DESCRIPTION OF THE TASK —
Restate word for word the lines in the listing below, starting at the line containing "Poulan 424634 Engine, Cleaning, V-Belts, Transaxle" and ending at the line containing "Sean Bass, co-host", both included; leave out the rest.

SOURCE INFORMATION —
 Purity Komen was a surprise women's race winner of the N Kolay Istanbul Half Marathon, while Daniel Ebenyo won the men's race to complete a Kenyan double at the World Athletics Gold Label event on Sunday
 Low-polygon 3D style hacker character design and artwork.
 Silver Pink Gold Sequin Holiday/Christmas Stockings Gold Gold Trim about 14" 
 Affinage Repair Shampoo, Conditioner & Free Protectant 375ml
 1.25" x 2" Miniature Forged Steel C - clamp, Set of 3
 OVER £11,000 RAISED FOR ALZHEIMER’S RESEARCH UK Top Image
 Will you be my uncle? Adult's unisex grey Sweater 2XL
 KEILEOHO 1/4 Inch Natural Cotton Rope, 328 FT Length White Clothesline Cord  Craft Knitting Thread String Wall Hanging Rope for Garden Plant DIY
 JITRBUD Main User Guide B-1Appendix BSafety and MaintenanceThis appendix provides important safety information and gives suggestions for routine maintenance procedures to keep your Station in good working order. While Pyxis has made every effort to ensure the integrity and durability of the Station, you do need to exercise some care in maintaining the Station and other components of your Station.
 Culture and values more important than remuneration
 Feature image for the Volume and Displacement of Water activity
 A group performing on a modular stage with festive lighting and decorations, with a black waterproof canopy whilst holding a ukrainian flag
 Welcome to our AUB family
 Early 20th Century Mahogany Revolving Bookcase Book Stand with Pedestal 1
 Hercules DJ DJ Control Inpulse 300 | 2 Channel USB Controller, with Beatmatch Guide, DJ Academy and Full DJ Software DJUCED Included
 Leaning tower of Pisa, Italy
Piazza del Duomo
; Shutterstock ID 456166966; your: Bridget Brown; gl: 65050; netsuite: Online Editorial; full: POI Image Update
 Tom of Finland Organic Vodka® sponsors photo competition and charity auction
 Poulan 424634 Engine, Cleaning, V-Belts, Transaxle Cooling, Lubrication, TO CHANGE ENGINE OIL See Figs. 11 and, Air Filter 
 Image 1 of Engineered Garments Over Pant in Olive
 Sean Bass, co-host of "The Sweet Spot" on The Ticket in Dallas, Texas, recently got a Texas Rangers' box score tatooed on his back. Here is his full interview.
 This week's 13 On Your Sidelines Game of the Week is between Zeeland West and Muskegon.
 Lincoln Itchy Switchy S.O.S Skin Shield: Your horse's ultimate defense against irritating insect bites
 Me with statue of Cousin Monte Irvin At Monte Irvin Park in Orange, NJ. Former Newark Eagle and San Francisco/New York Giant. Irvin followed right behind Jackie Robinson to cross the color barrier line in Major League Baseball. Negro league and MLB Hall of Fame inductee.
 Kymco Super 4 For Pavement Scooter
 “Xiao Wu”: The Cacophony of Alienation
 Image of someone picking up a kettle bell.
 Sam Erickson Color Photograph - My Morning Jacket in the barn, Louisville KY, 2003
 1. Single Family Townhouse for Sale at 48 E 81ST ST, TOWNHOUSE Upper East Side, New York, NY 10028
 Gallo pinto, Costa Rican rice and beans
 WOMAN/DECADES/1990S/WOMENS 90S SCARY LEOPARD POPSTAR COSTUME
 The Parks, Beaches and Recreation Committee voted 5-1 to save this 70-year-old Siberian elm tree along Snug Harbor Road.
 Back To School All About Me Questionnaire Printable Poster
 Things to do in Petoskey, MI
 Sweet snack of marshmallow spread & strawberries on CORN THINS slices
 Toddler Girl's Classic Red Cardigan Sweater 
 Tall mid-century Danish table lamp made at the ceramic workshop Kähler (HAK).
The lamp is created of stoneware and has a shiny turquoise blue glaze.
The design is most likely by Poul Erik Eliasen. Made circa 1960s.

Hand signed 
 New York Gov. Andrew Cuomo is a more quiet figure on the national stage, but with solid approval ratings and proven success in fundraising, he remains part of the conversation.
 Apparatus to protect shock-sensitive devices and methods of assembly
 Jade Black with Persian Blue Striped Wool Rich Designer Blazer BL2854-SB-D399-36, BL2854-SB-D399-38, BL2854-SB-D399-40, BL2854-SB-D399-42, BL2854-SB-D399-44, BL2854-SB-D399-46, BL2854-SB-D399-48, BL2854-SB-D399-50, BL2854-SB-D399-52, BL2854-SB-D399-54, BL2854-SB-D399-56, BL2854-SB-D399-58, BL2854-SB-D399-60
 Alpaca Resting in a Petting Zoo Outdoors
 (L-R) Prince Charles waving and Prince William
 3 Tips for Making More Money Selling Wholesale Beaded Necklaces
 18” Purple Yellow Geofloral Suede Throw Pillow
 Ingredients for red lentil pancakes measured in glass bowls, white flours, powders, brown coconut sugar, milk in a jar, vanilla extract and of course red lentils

ANSWER TO THIS TASK —
 Poulan 424634 Engine, Cleaning, V-Belts, Transaxle Cooling, Lubrication, TO CHANGE ENGINE OIL See Figs. 11 and, Air Filter 
 Image 1 of Engineered Garments Over Pant in Olive
 Sean Bass, co-host of "The Sweet Spot" on The Ticket in Dallas, Texas, recently got a Texas Rangers' box score tatooed on his back. Here is his full interview.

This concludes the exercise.